Quote Originally Posted by Vindec View Post
The Hartlepool bi election springs to mind where the Labour vote fell off a cliff.

Just because you vote tactically doesn't mean everyone does or will. There are many more points I could make but I can't be bothered either. The fact you have not replied to my response to your contention that I brushed the Tory defeat under the carpet is noted.

Your analysis of what is happening in Southern England is way off the mark in my opinion. In Cornwall and Devon for example the Liberals always have a strong presence in the farming communities and marginally less so the Tories but every single constituency in the South West voted Tory. It might be different next time around as the fishing communities feel short changed by the Brexit deal. What I can say is that Labour are nowhere in these areas. Tactical voting could work but I can't imagine the Labour Party standing aside as they will receive such few votes it wouldn't make any difference. All seats in the South West will be a straight fight between the Liberals and Tories. Possibly your alliance might work in Southern England but I doubt it.
I said you brushed it under the carpet because your posts read like "yes it was a bad result for the Conservatives, but let's get on to the real issue here, the size of the Labour vote".

The size of the Labour vote in Hartlepool and many other constituencies in the North of England and the Midlands should be a real cause of concern for the party and it really needs to stop giving the impression that fighting a continuing civil war and coming across as talking down to people who have traditionally supported Labour is their preferred way to go. I'm not a great fan of someone like Lisa Nandy, but I can't help thinking that she is right about how attitudes have changed post Referendum in so called red wall seats and that, whatever many on the left may feel about her, Labour need to listen to what she has to say.

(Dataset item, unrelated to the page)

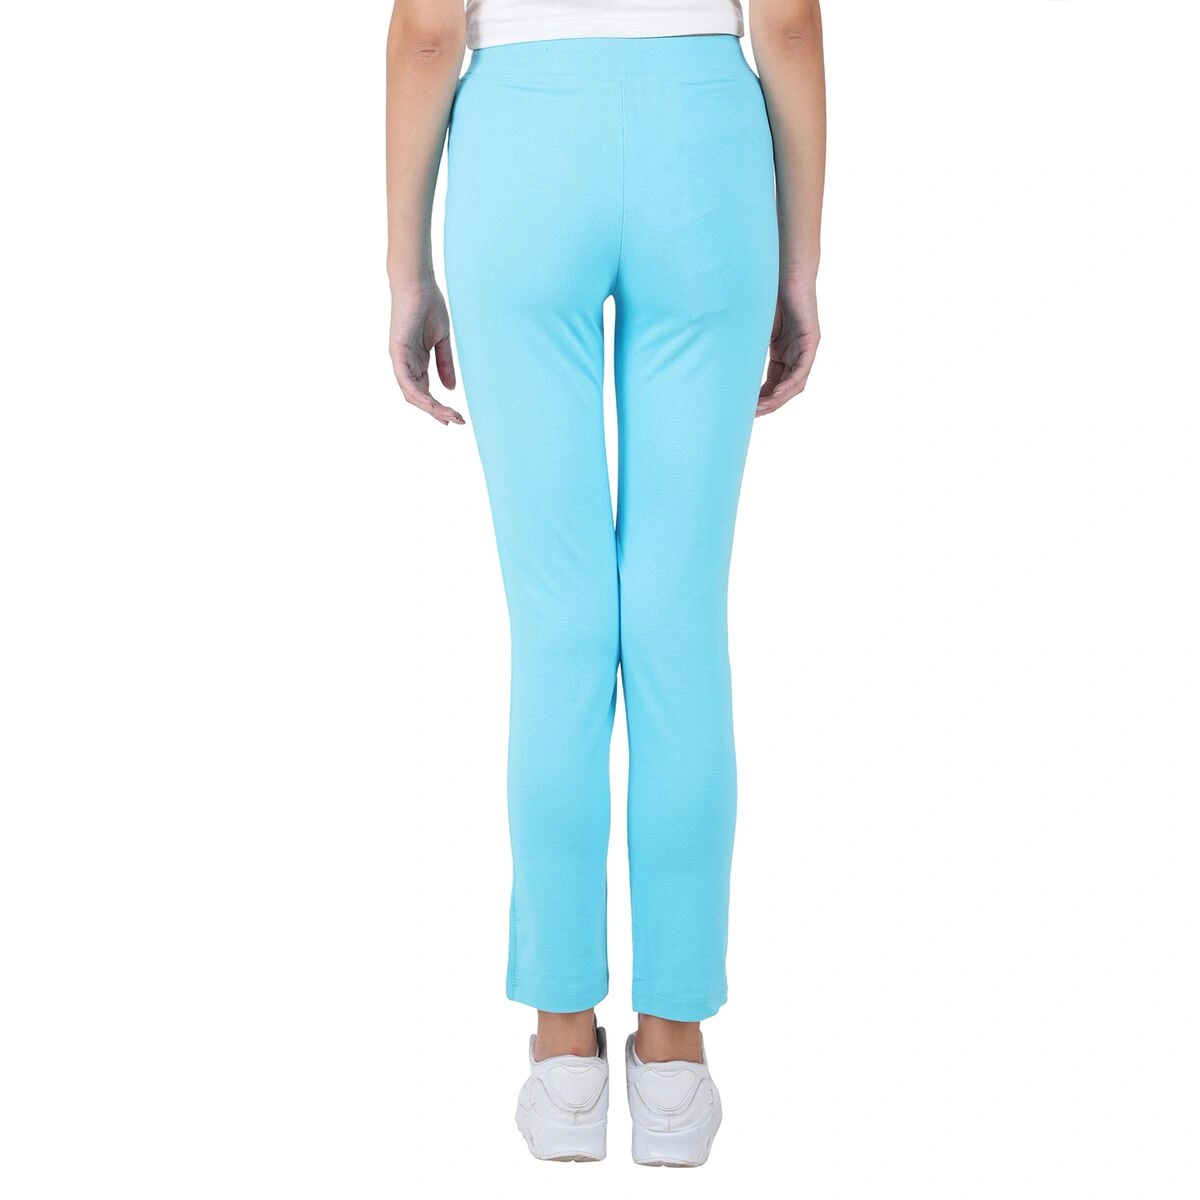 Straight Fit Ladies Blue Cotton Regular Pants at Best Price in Jaipur   Dudani Retail Private Limited
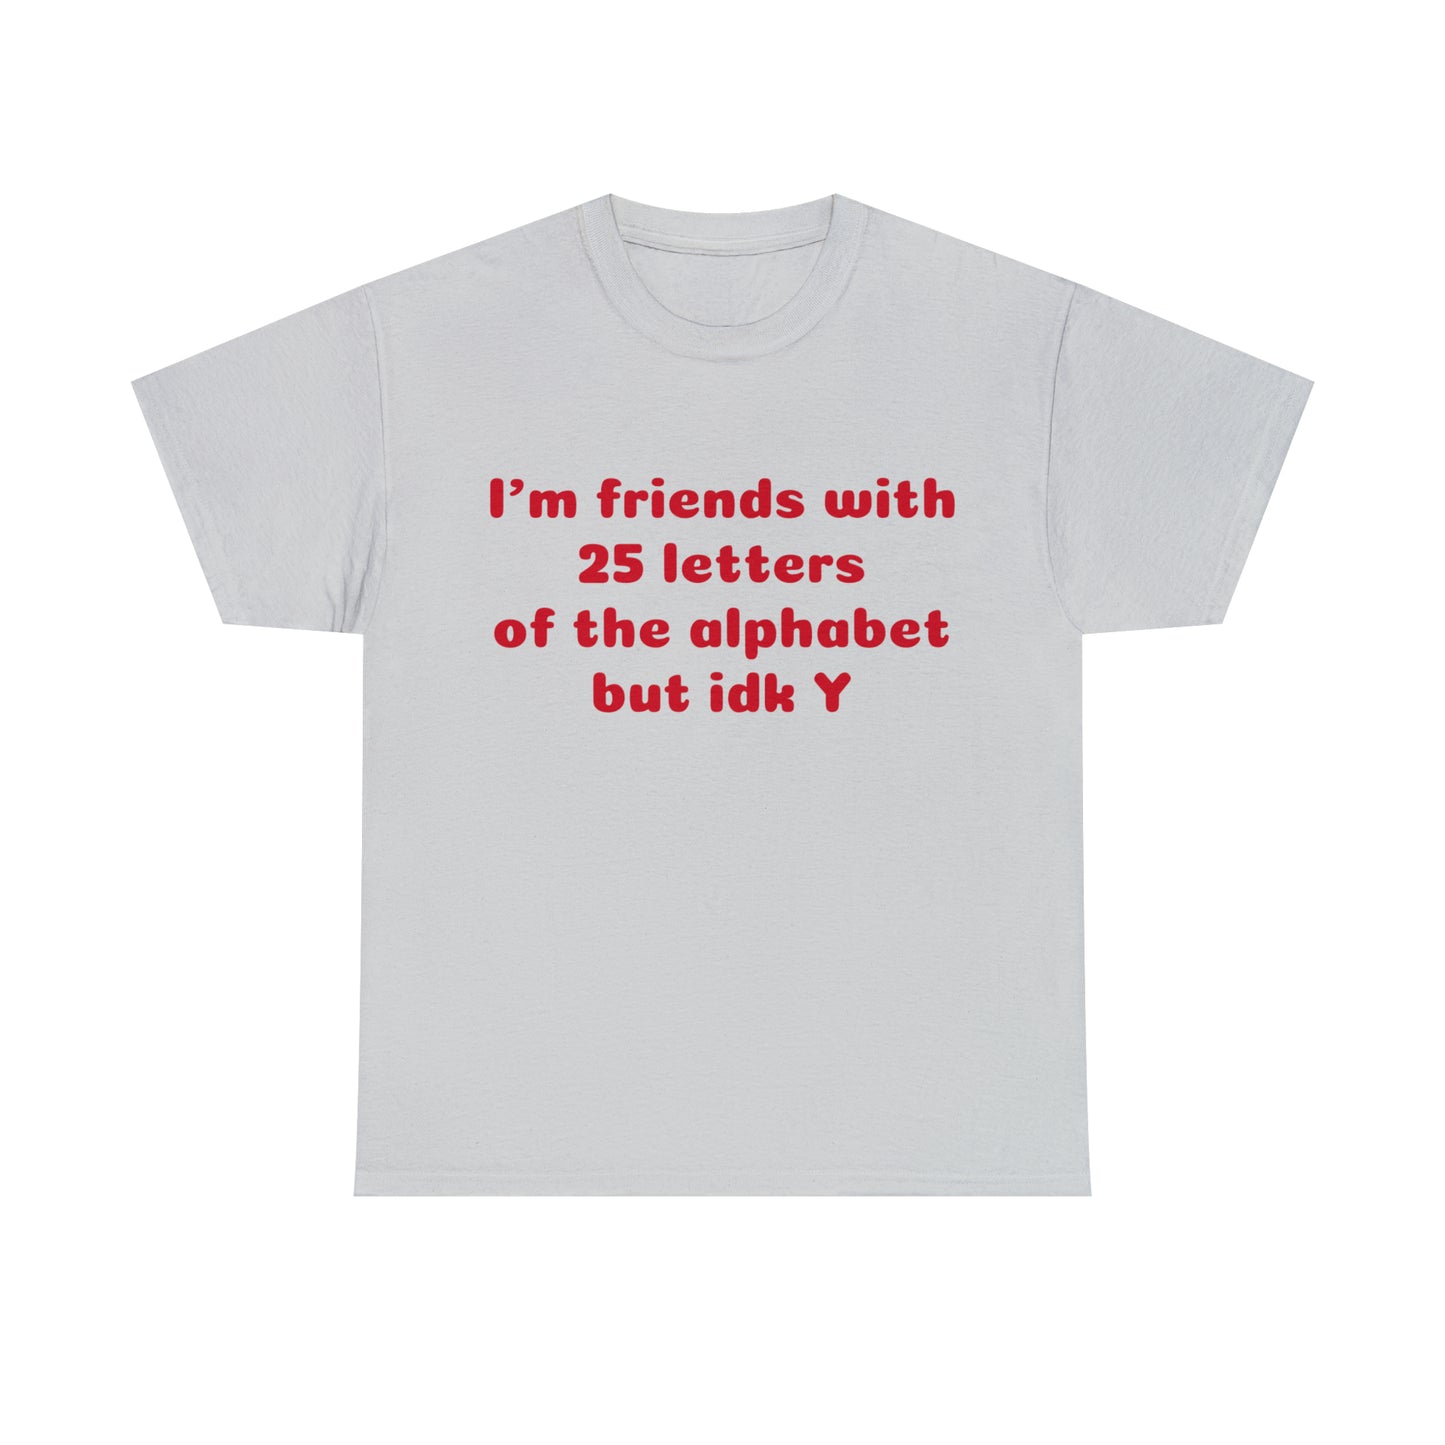 Custom Parody T-shirt, Im friends with 25 letters of the alphabet, but idk Y shirt design

However, Labour is never going to win a seat like Chesham and Amersham and so the reaction to their embarrassing vote on Thursday is less important than what they do and where they go as a result of what happened in Hartlepool.

If Labour are never going to win Chesham and Amersham, I'd say it's equally true that the Conservatives should never lose it, but, perhaps, such thinking is out of touch now because this article (which I know is from the Guardian, but it is written by someone who knows his stuff and has consistently recognised and virtually predicted Labours' problems in the north and midlands) shows that there are demographic changes taking place in traditionally Conservative parts of England which are beginning to affect the way people vote there;-

https://www.theguardian.com/commenti...mersham-tories

You talk of me being "way off the mark" in my opinion about what's happening in Southern England, but I didn't say that, I said, what's happening in some parts of southern England. For example, you don't need to tell me that, apart from places like Plymouth and Exeter, Labour has virtually no chance of winning seats in the south west once you go south of Bristol, but the Lib Dems do and it wasn't too long ago that this part of the country was considered something of a Lib Dem stronghold - that's why I said in my opening post that I think Labour needs to give serious thought as to whether it's worth them fielding candidates in places like Cornwall any more.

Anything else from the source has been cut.